Not just that, but the colour scheme of the film, both in terms of its lighting and in terms of its costume design is gorgeous, this rich gold permeating throughout (even referenced in terms of “the golden hour and a half”, the time period in which medical treatment will likely prevent your death, which is also conveniently this films running time) while the costumes themselves are drenched in 70s style, open shirts and pastel colours abound. It’s just such a gorgeously designed world,  it’s vibrancy there to be looked at rather than just glazed over.
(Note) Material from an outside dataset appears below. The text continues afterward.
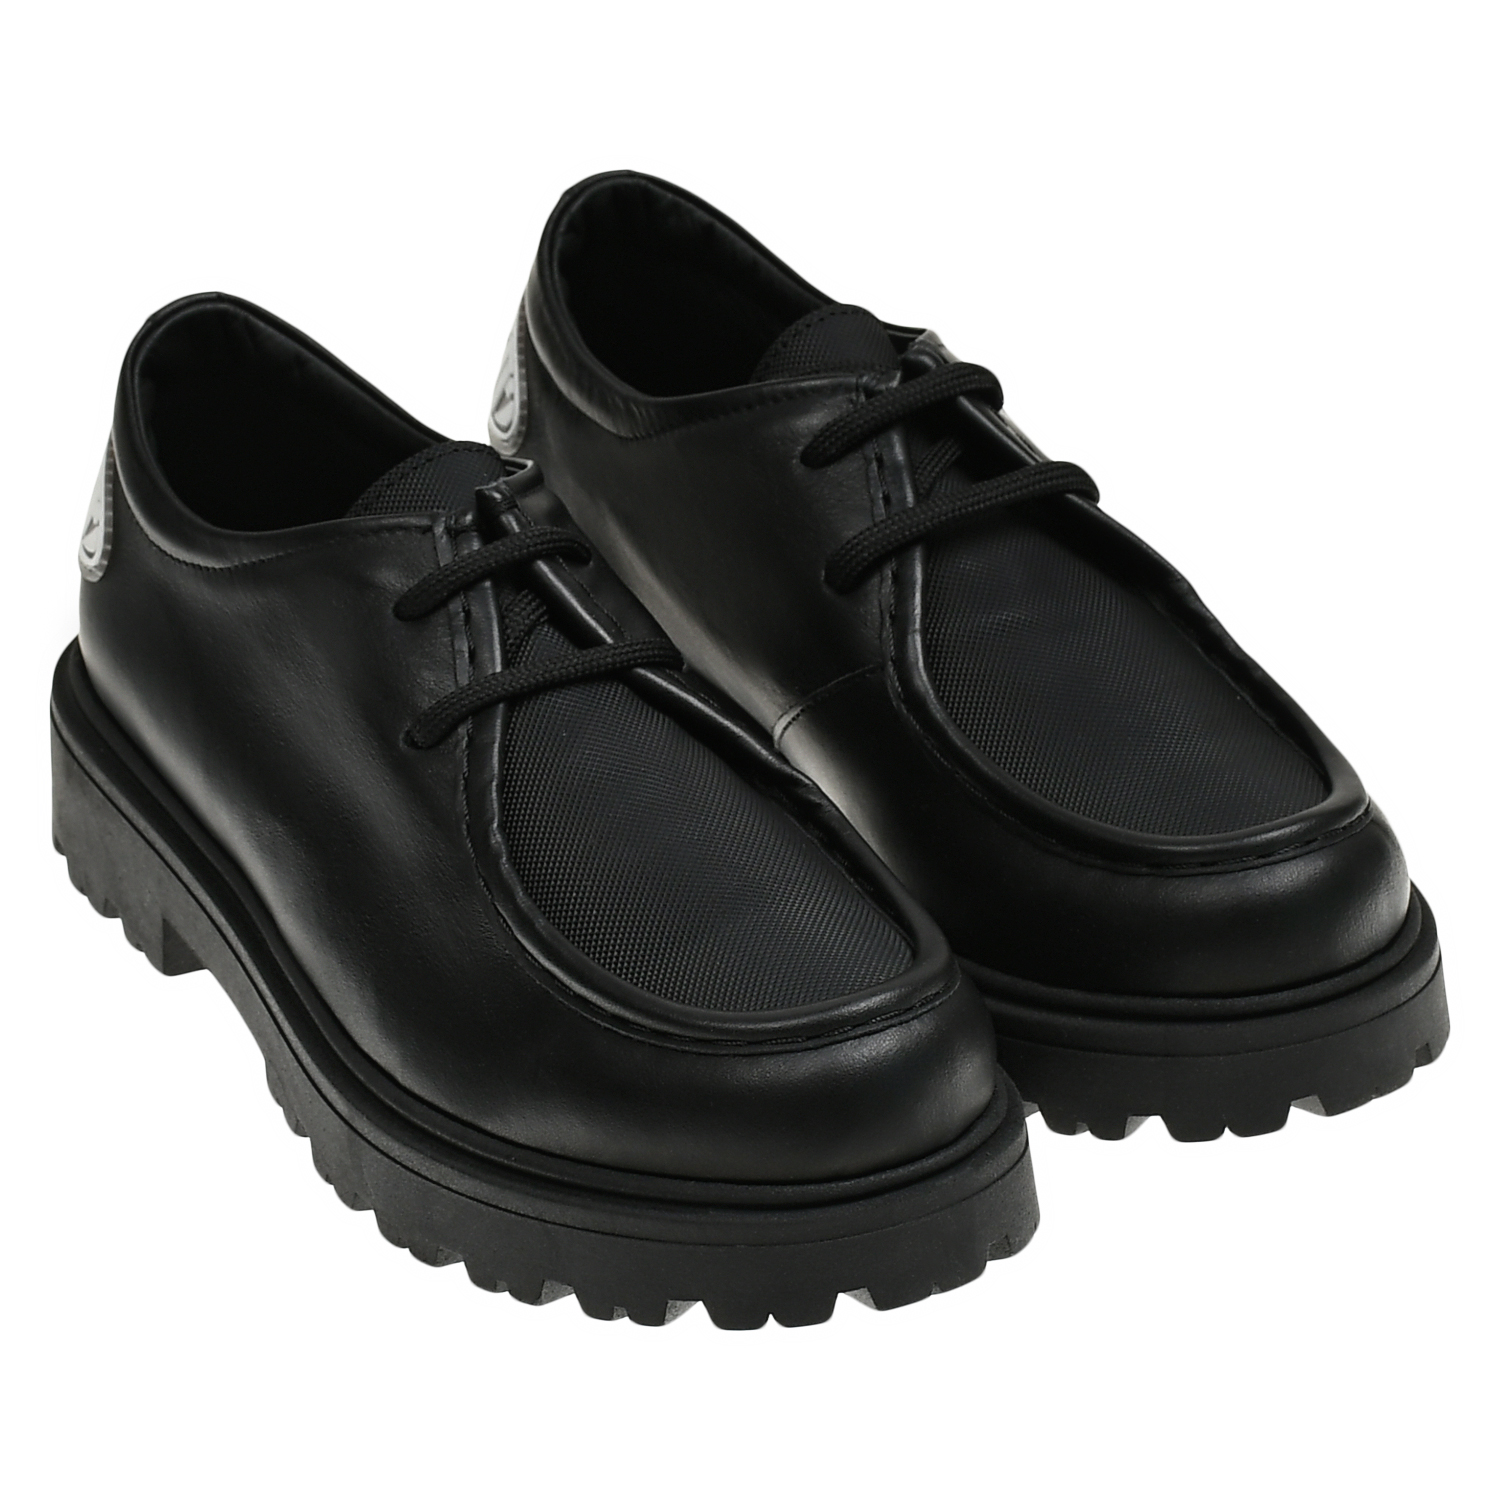 Низкие ботинки со шнурками Dsquared2, размер 37, цвет черный

Obviously with a film so skeletal in comparison with some of its action film counterparts of today, there’s not much room for hiding, and if the film’s pace had slacked in any way, the whole ballet would have crashed to the ground. Thankfully this never occurs, mainly due to a clear script and some great manipulations in the editing and the sound design. In terms of its script (which I’d love to read mainly because the amount of “x shoots at y, y shoots at z, ad infinitum”) it’s a lot of pure cinema, just pure action, and Ben Wheatley and Amy Jump did a job which he explains in this clip as to how it feels so tight:

As with the editing and sound design, the pace is incredibly well executed, ebbing and flowing not necessarily where you would expect it, but allowing the time for the film to breathe in between its gasping for air shootouts. Really, the editing is the linchpin in a film like this and what a magnificent linchpin it is. Finally the sound design also must be extolled, the gunfire becoming this great cacophony of explosive echoes which are at points near deafening, only punctuated by elements of freeform jazz and a great use of John Denver.

Free Fire is not the most important film ever made, and that’s good because it’s not trying to be. All its trying to be is a good, well crafted film. It’s a film which you can really get lost in, because there’s nothing really outside of its own internal world. And it’s a film which owes its inspirations to other films, from silent cinema to the gangster flicks it evokes. I just think its great cinema, and beyond that, that’s not for me to say.